SthPhoenix / InsightFace-REST

InsightFace REST API for easy deployment of face recognition services with TensorRT in Docker.

Geek Repo:Geek Repo

Github PK Tool:Github PK Tool

does force onnx drop GPU support?

MyraBaba opened this issue · comments

Hi,

When I force to use onnx I saw model is not using gpu. using only cpu. can it be configurable ?

Docker images are built with CPU version of onnxruntime. It's intended use case is a fallback when no GPU available.
You can install onnxruntime-gpu, though in it's latest versions you also have to provide GPU executor provider as argument to onnxruntime.Session.
But I highly recommend using TRT for GPU since it's faster than onnxruntime and also there are some optimizations for image preprocessing with TRT backend

is there any speed / accuracy difference between trt and onnx ?
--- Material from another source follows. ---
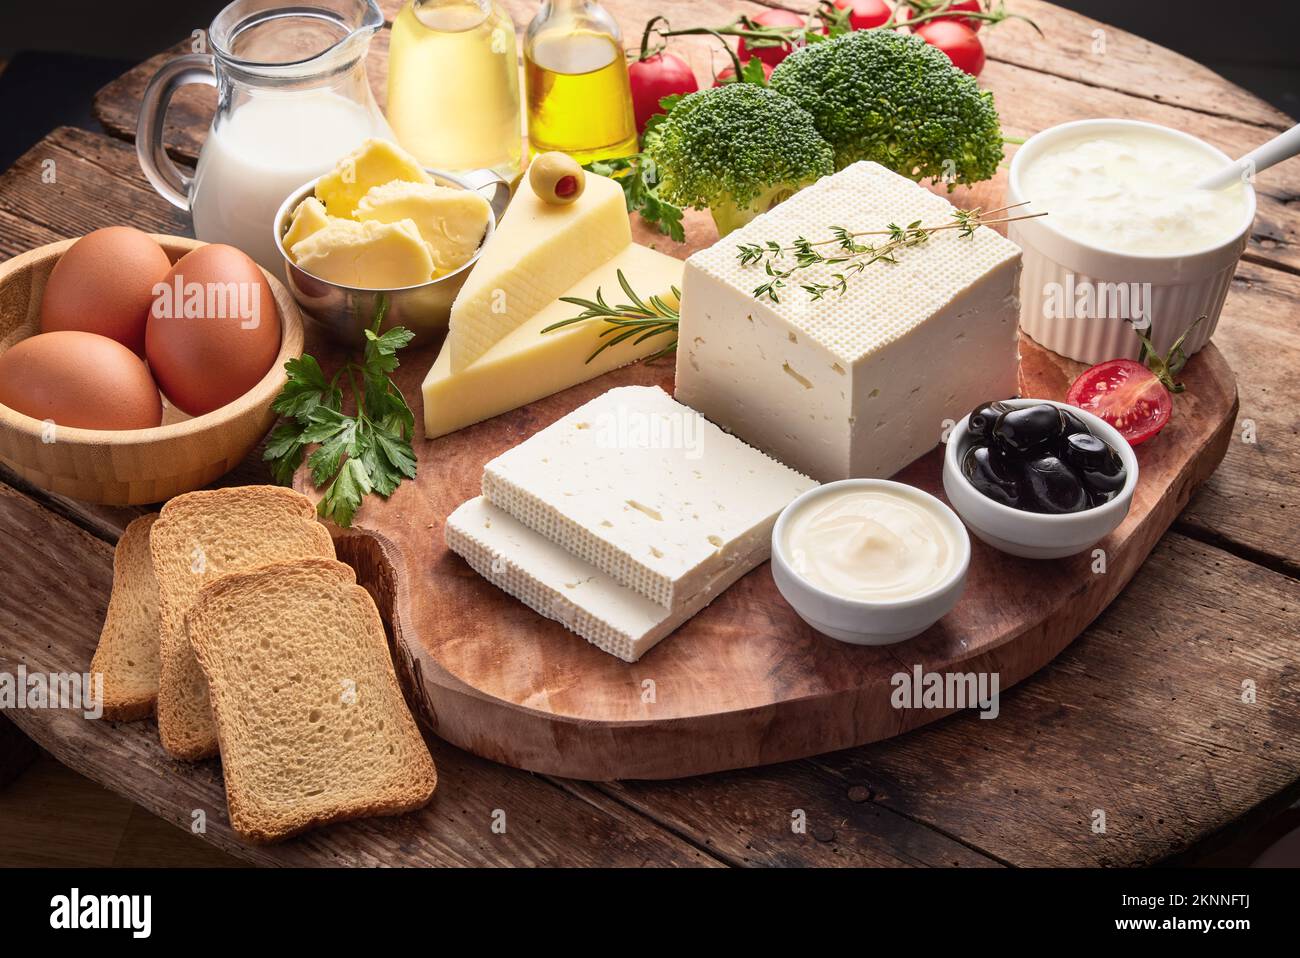 Fresh dairy products isolated on wooden background. Food collage of milk, cheese, butter, egg, vegetables, herbs, bread. Stock Photo

It would be good if we change trt to onnx in deploy.sh (in gpu version) it automatically run gpu (onnxruntime-gpu).

is there any speed / accuracy difference between trt and onnx ?

It would be good if we change trt to onnx in deploy.sh (in gpu version) it automatically run gpu (onnxruntime-gpu).

TRT is significantly faster especially with fp16 inference (force_fp16=True) on GPUs supporting it. There is some accuracy degradation, but embeddings computed with TRT and onnxruntime are usually 0.99 similar.

It's trivial to add support for onnxruntime-gpu, but I'm not sure if it's actually useful, since TRT performs much better, and as I said before there are optimizations in IFR code for TRT inference.

You should also provide cuda execution provider argument in latest versions of onnxruntime

To all lines with onnxruntime.InferenceSession in onnxrt_backend.py

That's pretty slow, what GPU and models parameter have you used?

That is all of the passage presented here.